A German cybersecurity researcher has publicly claimed responsibility for a recent breach of the Malta Gaming Authority’s computer systems, warning that data obtained during the hack has already been shared with journalists and law enforcement and threatening further disclosures.
Lilith Wittmann, a Berlin-based software developer and security activist who is a member of the Chaos Computer Club – described as Europe’s largest hackers’ association – posted on X alongside a screenshot of the MGA’s own breach announcement.
“Yes, I hacked you, and the data obtained has been shared with media partners, authorities,” she wrote, adding that she intended to “expose the organised crime enablement schemes you created while presenting yourselves as a legitimate public service.”
The MGA confirmed earlier this week that its systems had been accessed by someone who “presented” as a security researcher, saying it was treating the incident with the “utmost seriousness.” It has not confirmed who was responsible, which systems were affected, or whether sensitive data was compromised.
Wittmann expressed concern about potential extradition to Malta, where hacking a public service carries a maximum sentence of up to 10 years. “I am certain that the information obtained is so valuable for the public discourse that obtaining it will one day be seen as a justified necessity,” she said.

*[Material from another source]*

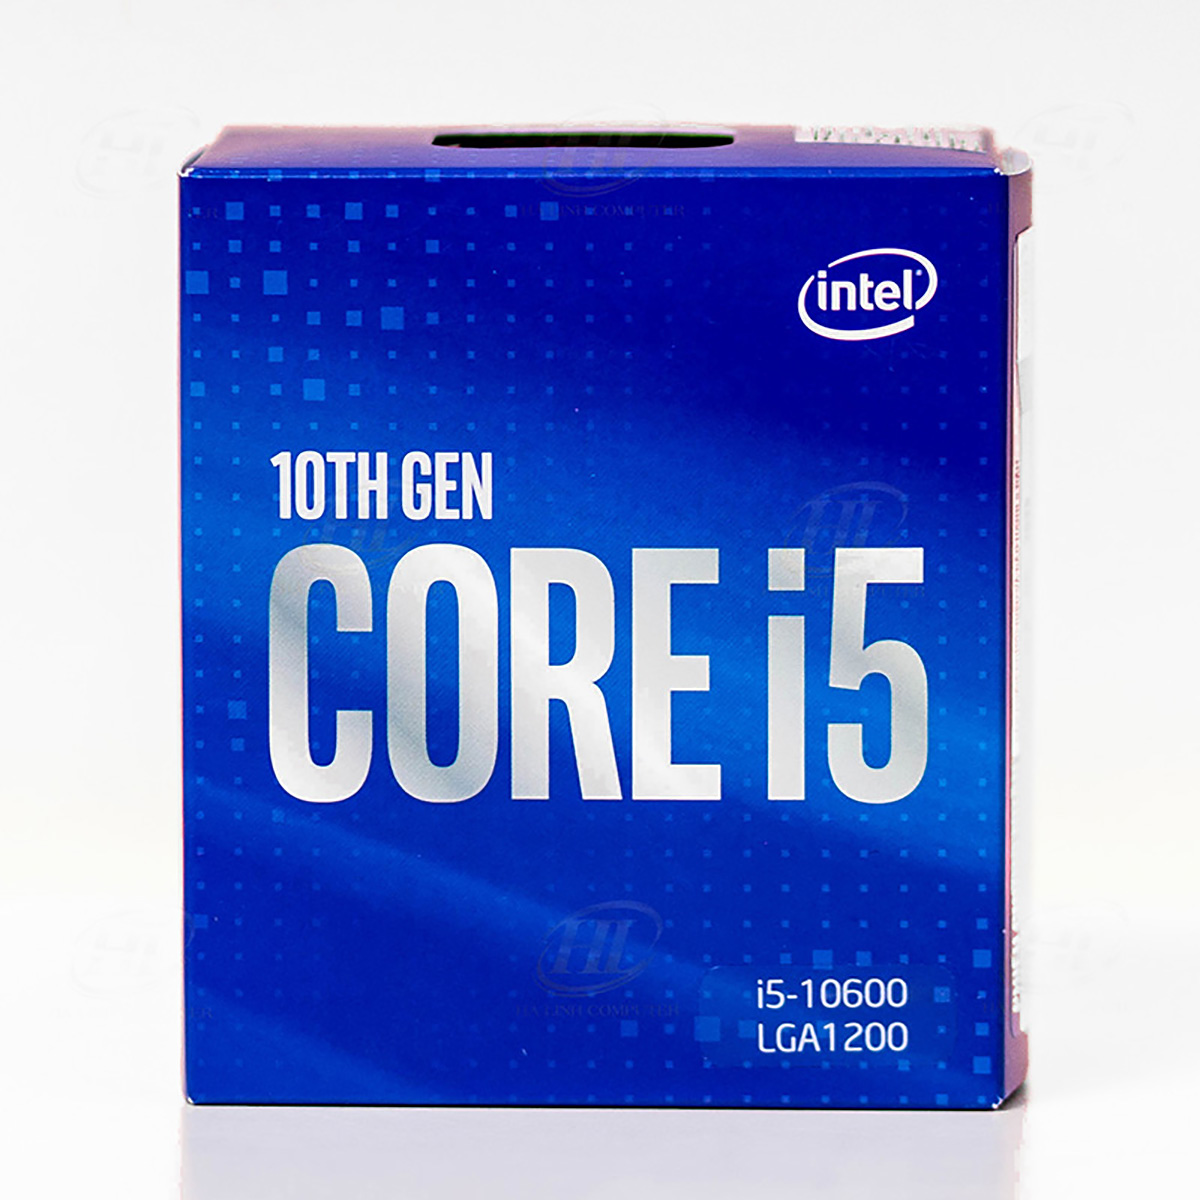 CPU Intel Core i5 10400 Tray (2.9GHz turbo up to 4.3GHz, 6 nhân, 12 luồng, LGA 1200)

The claim lands in legally sensitive territory in Malta. In 2022, three University of Malta computer science students and their lecturer were arrested, strip-searched and criminally charged after responsibly disclosing security flaws in a student app, a case that sparked widespread outcry and eventually led to a Presidential Pardon in 2025 and the drafting of new laws to protect ethical hackers.
Wittmann herself has navigated similar controversies before. In 2021, she exposed serious vulnerabilities in the CDU’s campaign app in Germany. The party filed a criminal complaint, but withdrew it after a public backlash and the case was dropped.
More recently, she accessed personal data of over one million online casino players after exploiting weaknesses in software provided by Maltese company The Mill Adventure, a breach she described at the time as straightforward.
She made the same comparison about the MGA, saying the breach had been “as easy as hacking the CDU.”